» TASK: Everything in the listing below should be written out again exactly, except the pictures.

» THE DATA:
%%

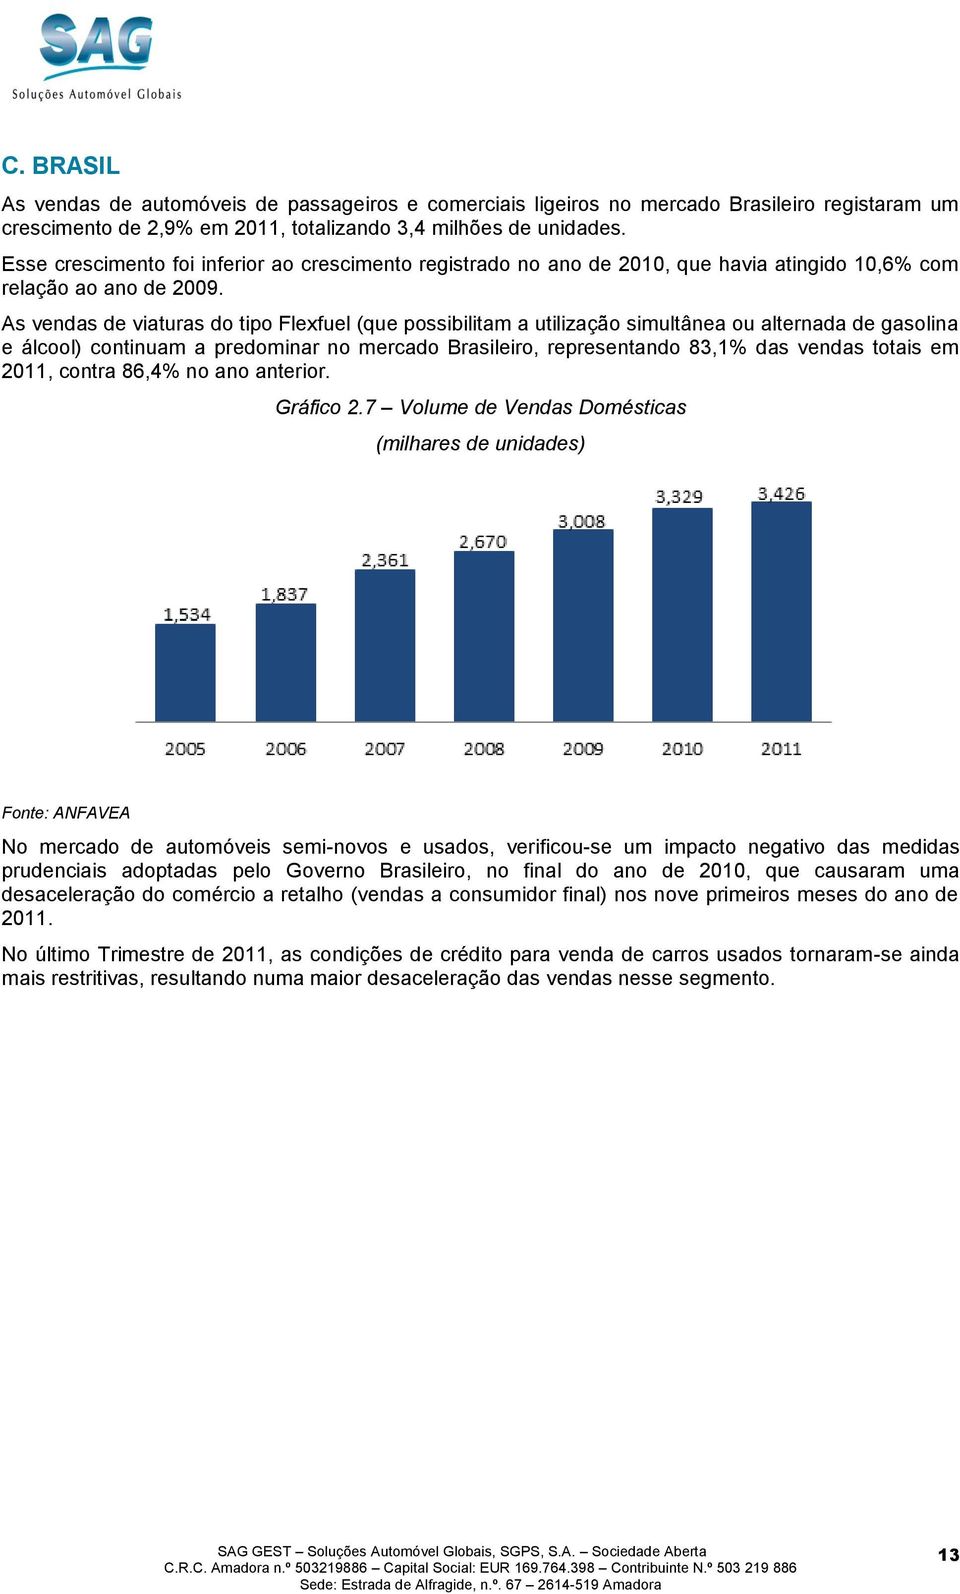 As vendas de viaturas do tipo Flexfuel (que possibilitam a utilização simultânea ou alternada de gasolina e álcool) continuam a predominar no mercado Brasileiro, representando 83,1% das vendas totais
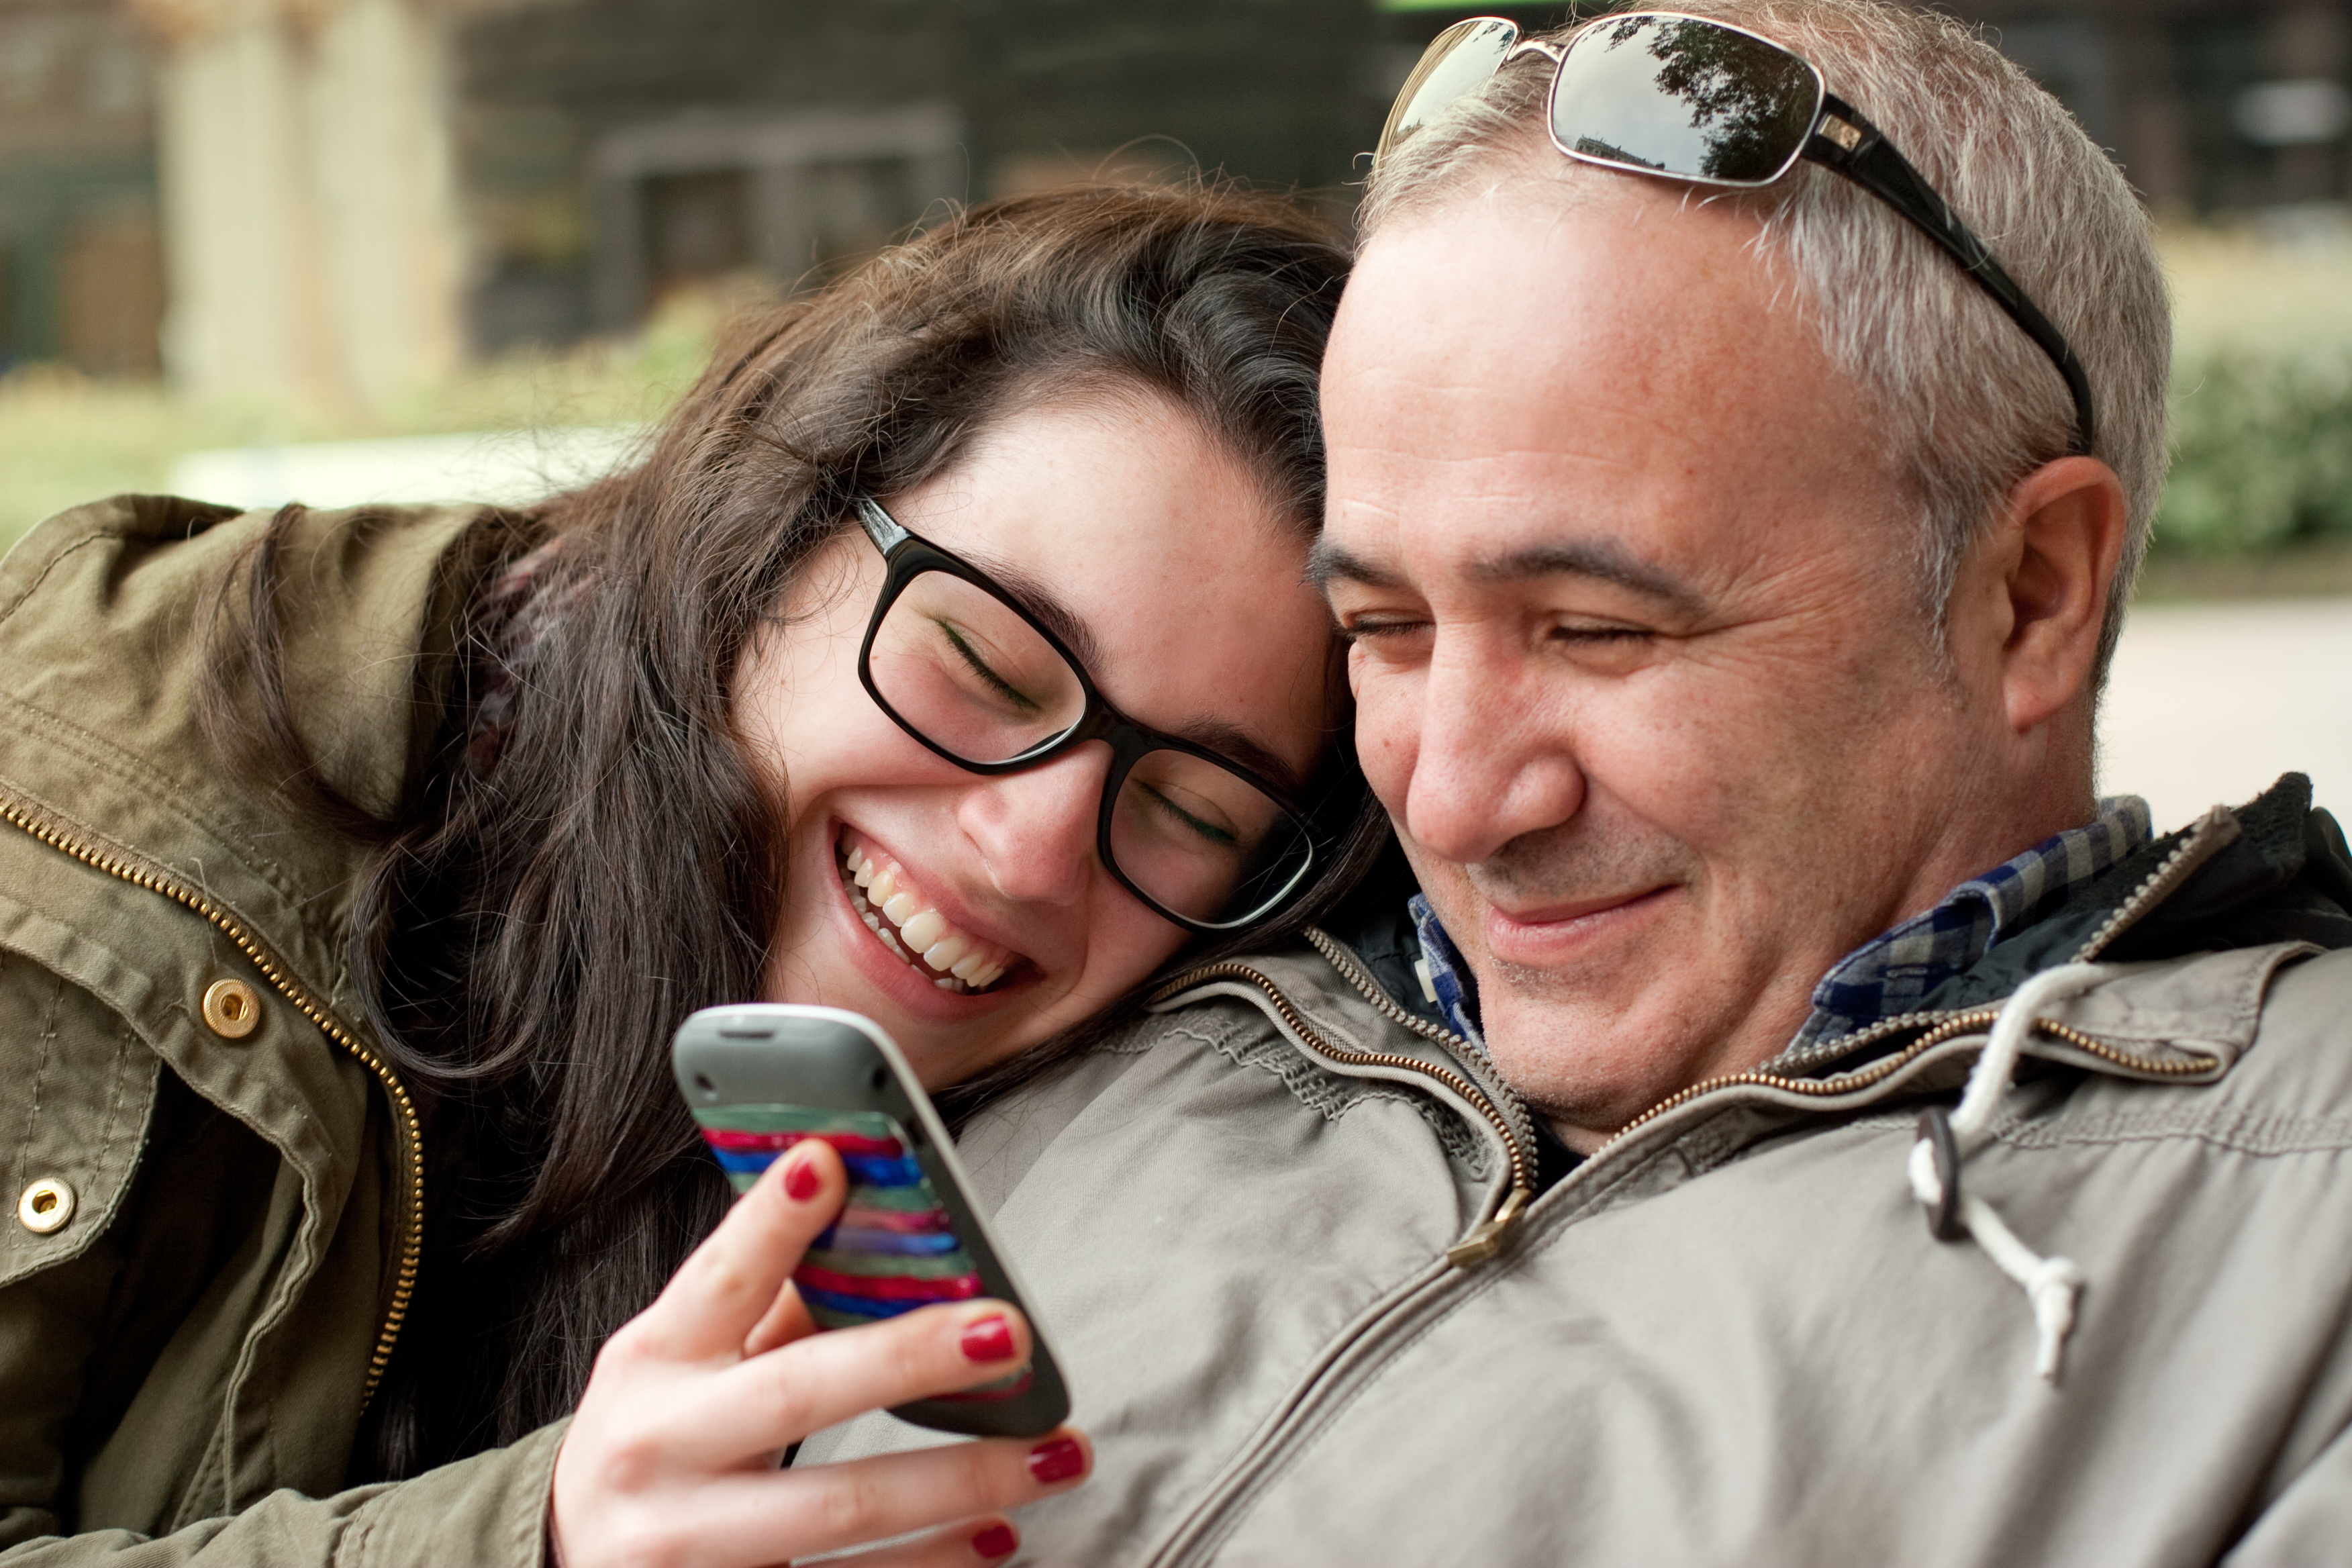 Ein Mann bindet sich an seine Tochter, während er auf ihr Telefon schaut | Quelle: Shutterstock
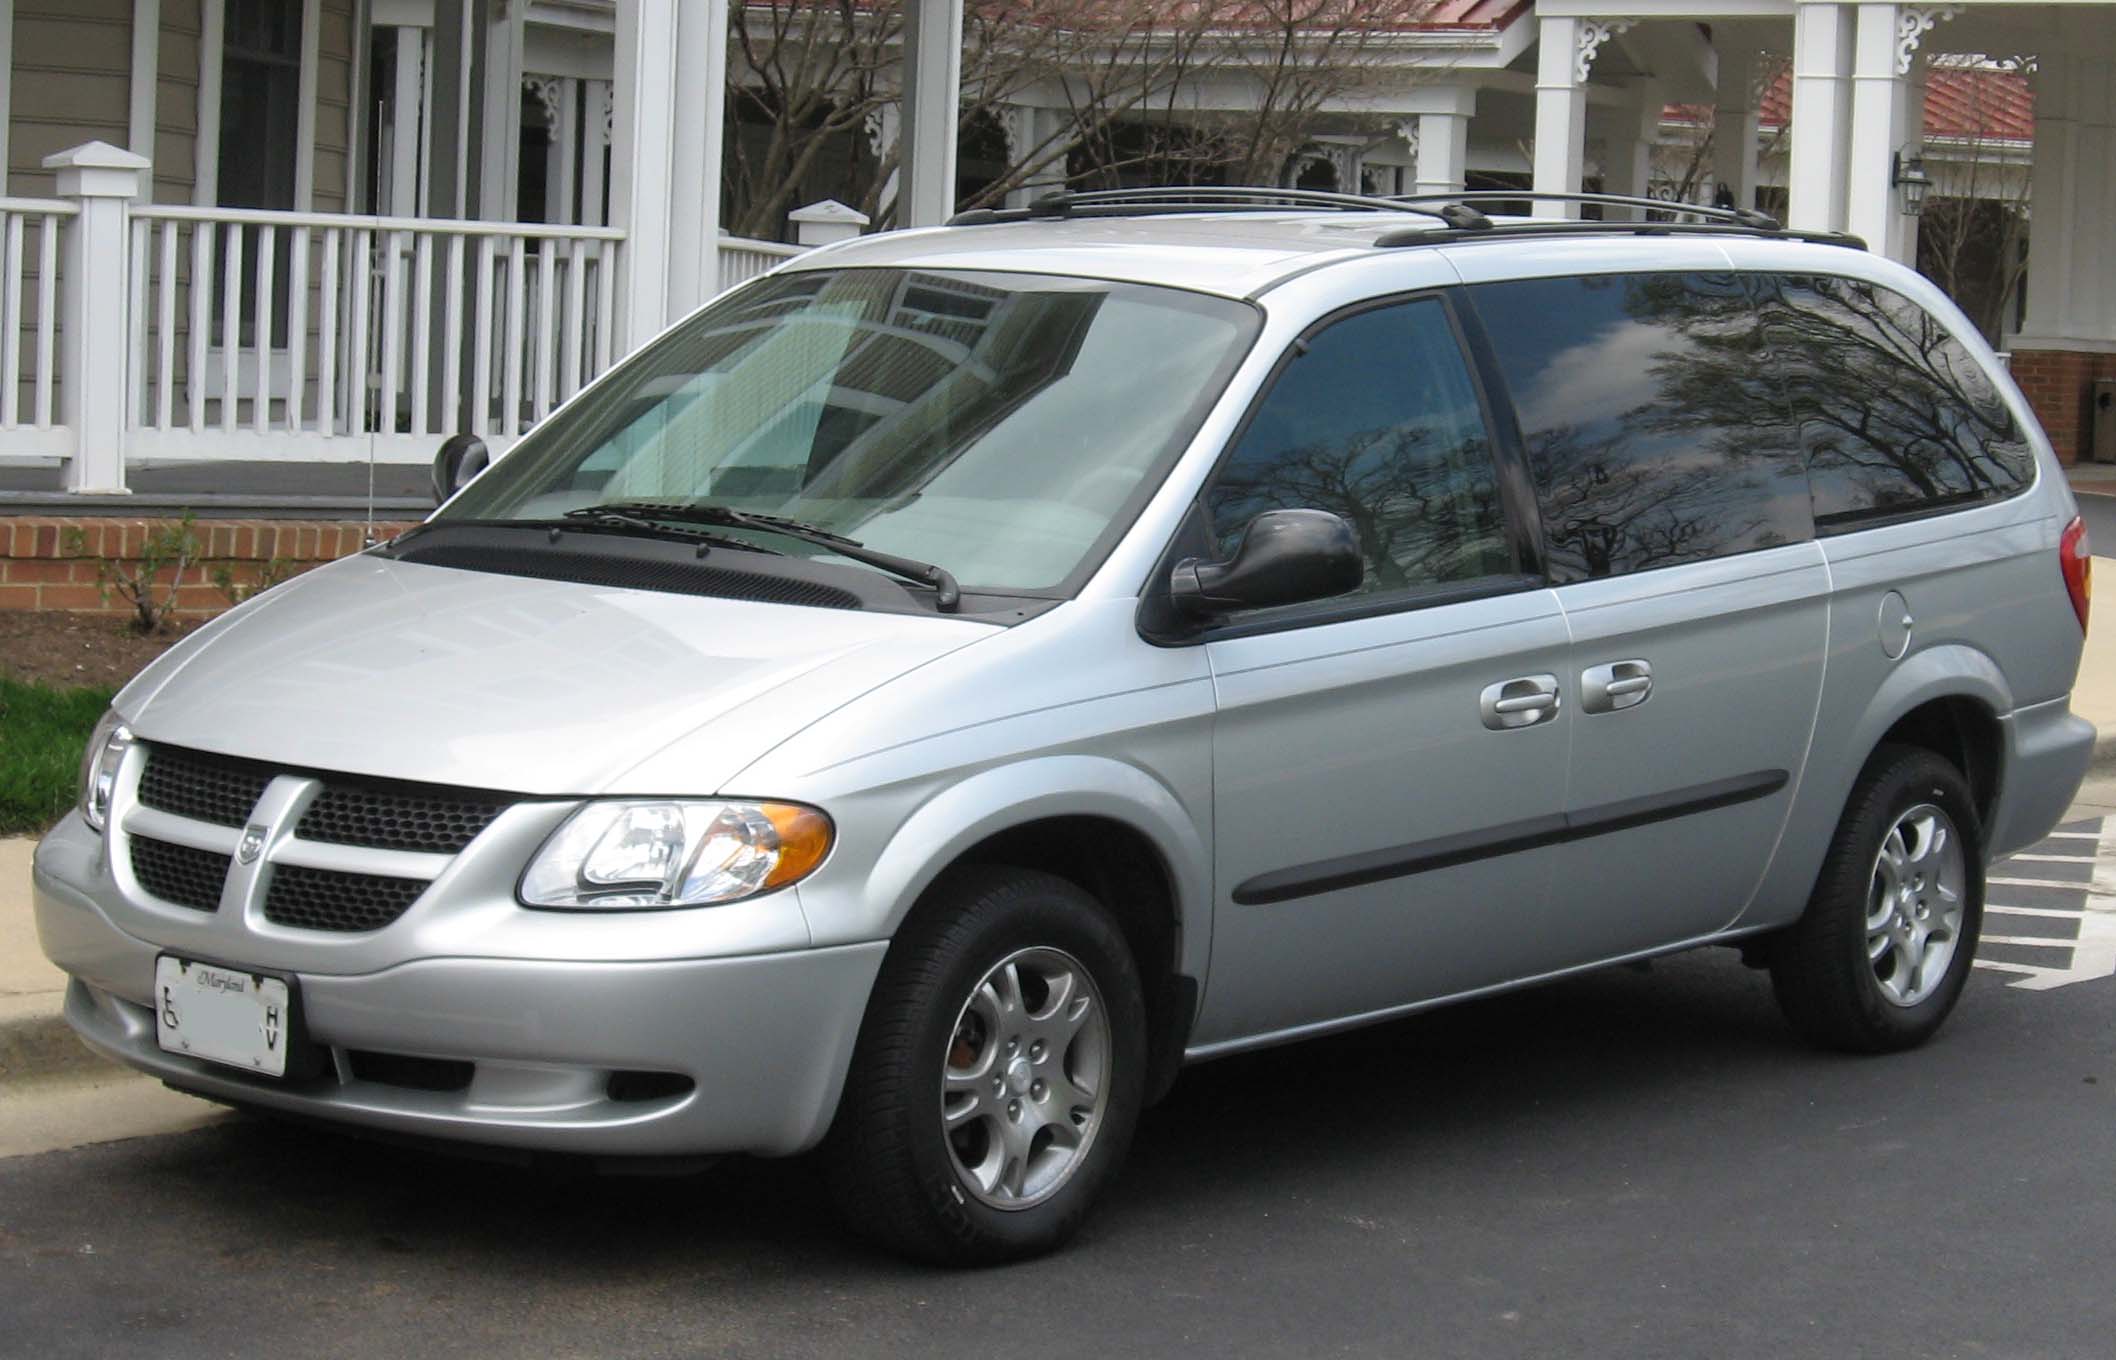 Chrysler minivans (RS) - Wikipedia

%%

» ANSWER:
 As vendas de viaturas do tipo Flexfuel (que possibilitam a utilização simultânea ou alternada de gasolina e álcool) continuam a predominar no mercado Brasileiro, representando 83,1% das vendas totais
 Ein Mann bindet sich an seine Tochter, während er auf ihr Telefon schaut | Quelle: Shutterstock
 Chrysler minivans (RS) - Wikipedia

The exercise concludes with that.